Server-side timeout
Closed this issue · 4 comments
We should be able to set a maximum length of request. If the greenlet takes longer, it gets killed. This means we don't let greenlets choke up the server for too long.
Initial pass looks something like this:
--- a/baseplate/server/thrift.py
+++ b/baseplate/server/thrift.py
@@ -1,3 +1,4 @@
+import functools
import socket
from typing import Any
@@ -5,6 +6,8 @@ from typing import Dict
from typing import Tuple
from typing import Union
+import gevent
+
from gevent.pool import Pool
from gevent.server import StreamServer
from thrift.protocol.THeaderProtocol import THeaderProtocolFactory
@@ -59,12 +62,14 @@ def make_server(server_config: Dict[str, str], listener: socket.socket, app: Any
server_config,
{
"max_concurrency": config.Integer,
+ "response_timeout": config.Timespan,
"stop_timeout": config.Optional(config.Integer, default=0),
},
)
pool = Pool(size=cfg.max_concurrency)
- server = GeventServer(processor=app, listener=listener, spawn=pool)

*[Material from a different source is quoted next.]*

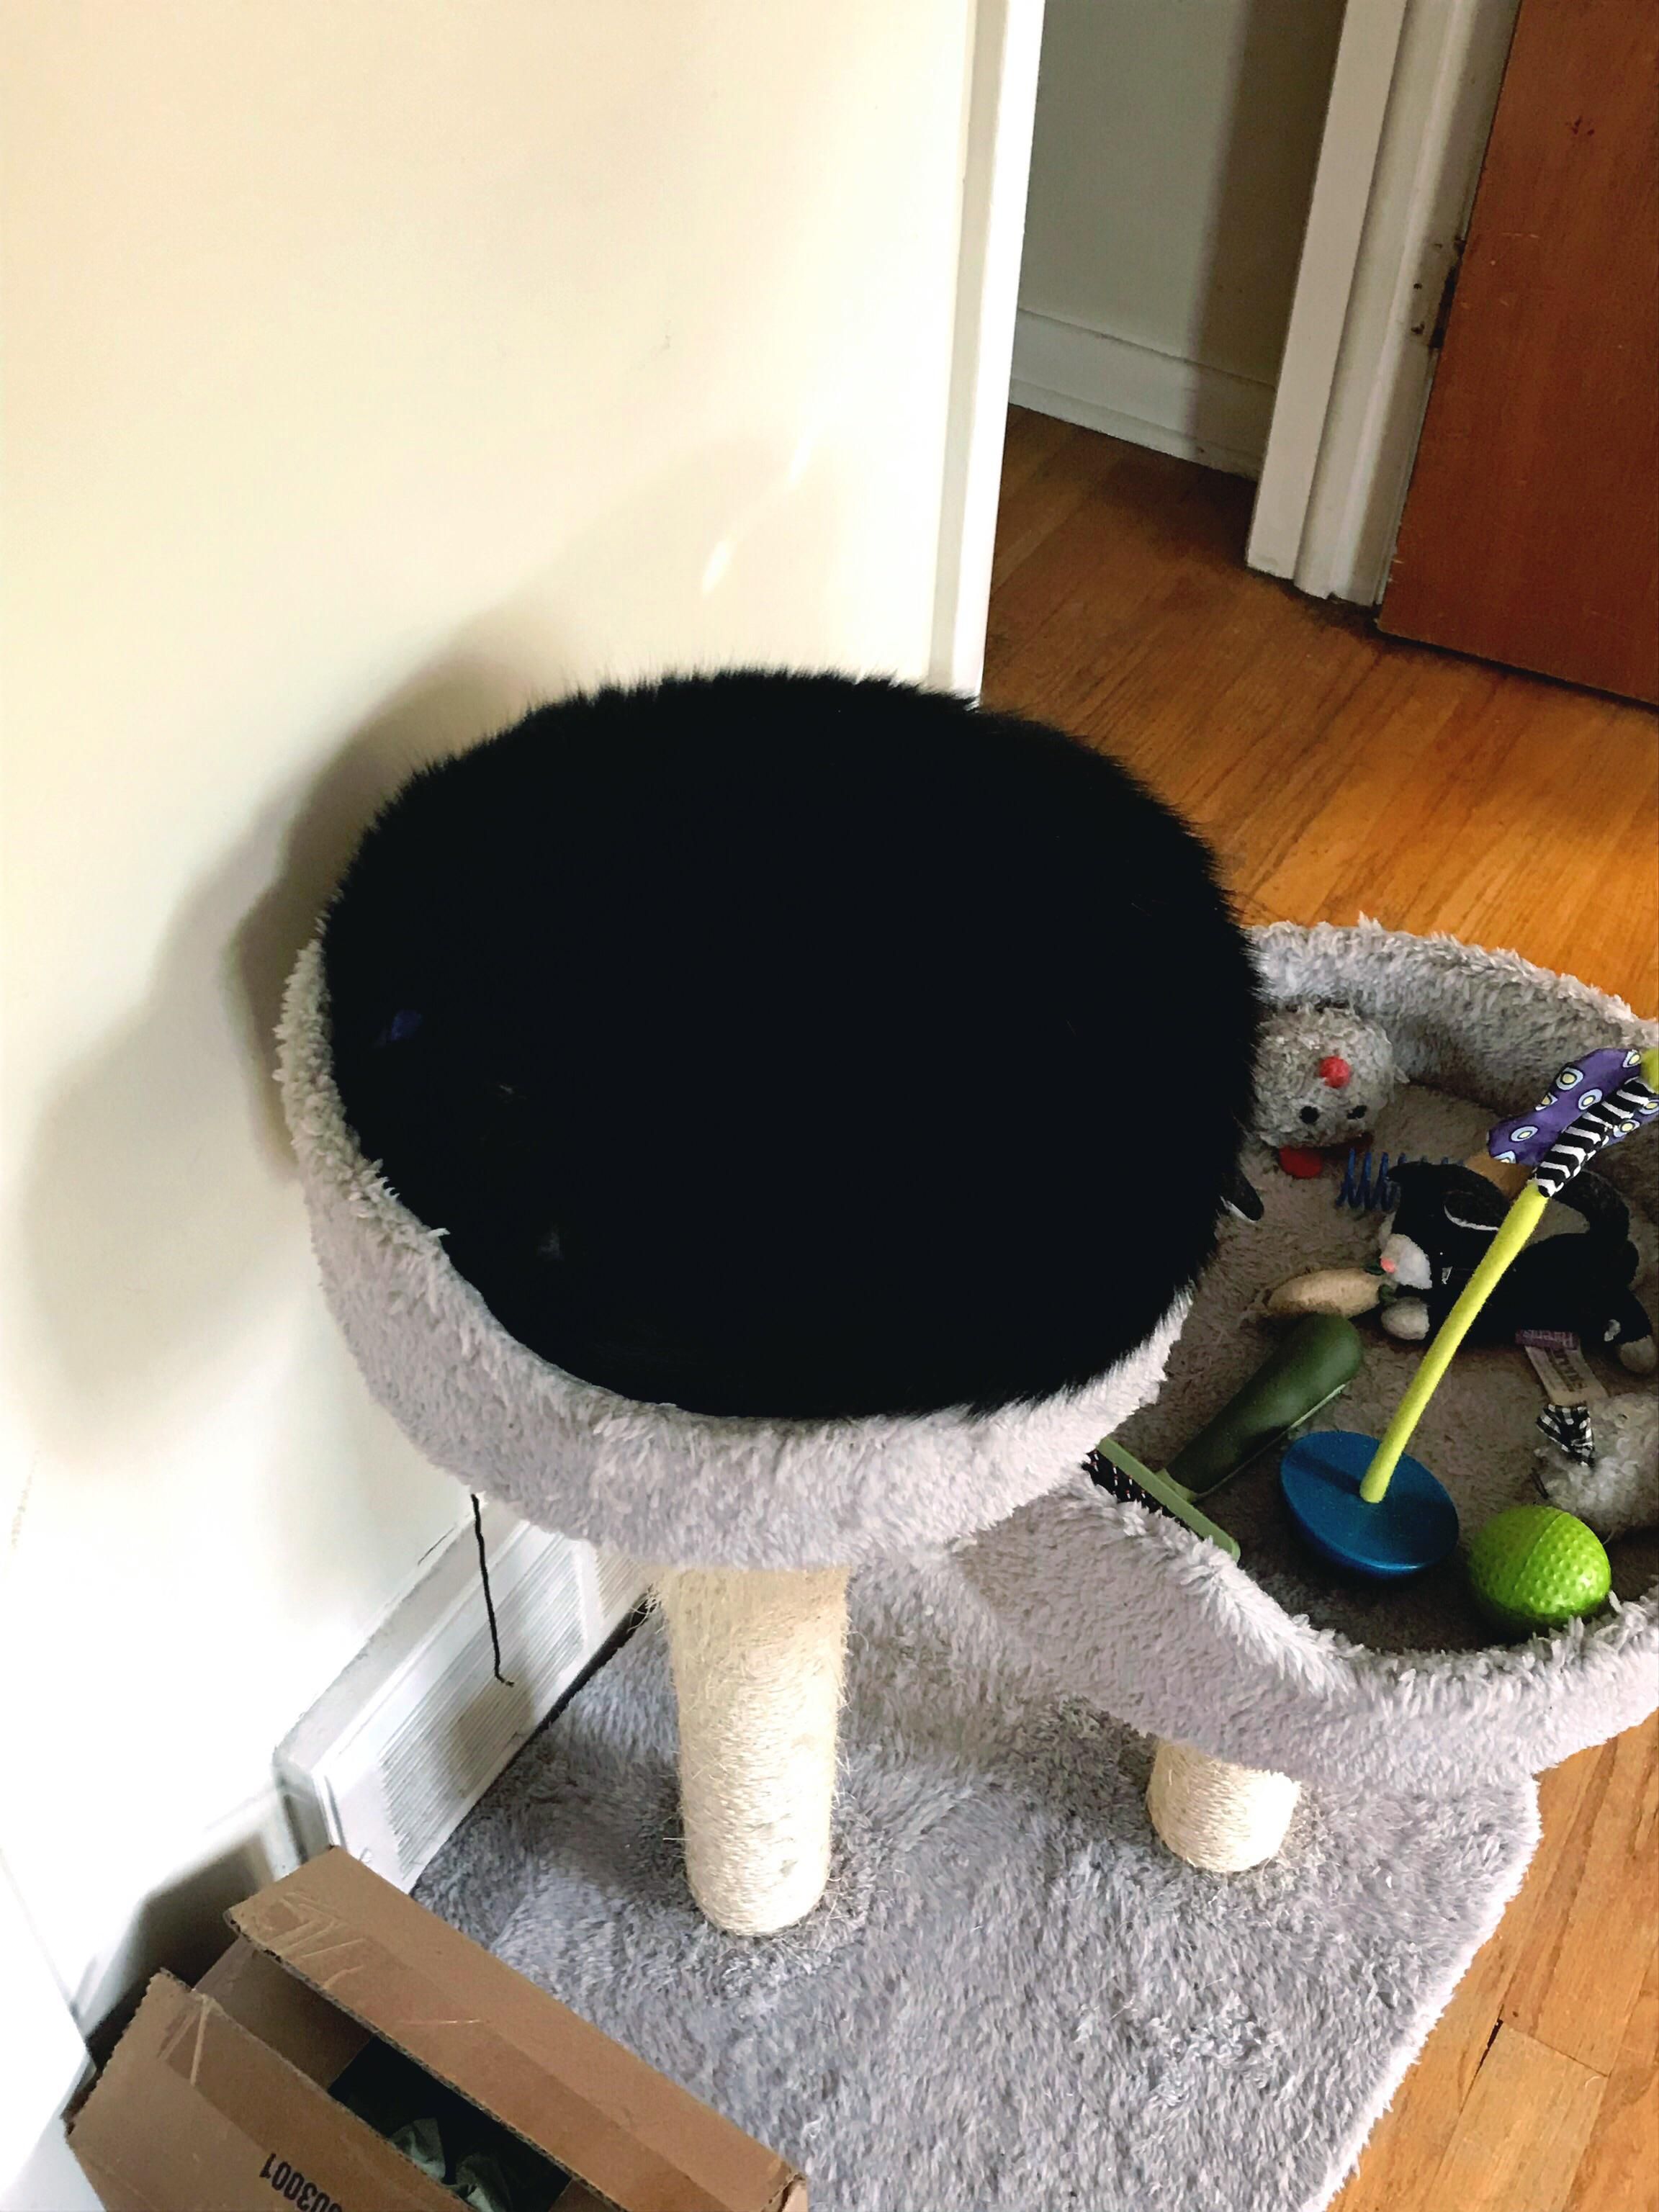 My cat kinda looks like a fuzzy stool top

+ spawn = functools.partial(pool.spawn, gevent.with_timeout, cfg.response_timeout.total_seconds())
+ server = GeventServer(processor=app, listener=listener, spawn=spawn)
server.stop_timeout = cfg.stop_timeout
runtime_monitor.start(server_config, app, pool)
Problems:
- The asymetry of the timeout option types is weird.
- The stack trace is horrific. Maybe a custom timeout exception would help?
Related question: Once I define this and I start seeing this timeout occur, how will I be able to track down the cause? Would there be any way I can log and include pending http/thrift/cass requests?
That implementation is bad. It's timing out whole connections not individual requests. Will keep looking into this.
@curioussavage: Absolutely will make sure the telemetry is there to diagnose the timeout. At the minimum, the timeout exception is dumping stack traces for the current and other greenlets so you can see what we were waiting for. More to come.
This is the basics of a working implementation: master...spladug:request-timeout2
but there are two big questions:
- we should be able to configure global (all endpoint) and endpoint-specific timeouts in the config file (timeouts might vary in different configurations of an app, like in different pools with different types of clients). how do we get that information into the right part of the framework?
- this necessarily uses
gevent
directly where we haven't done so before outside the server code. is that ok? is there any way to avoid that?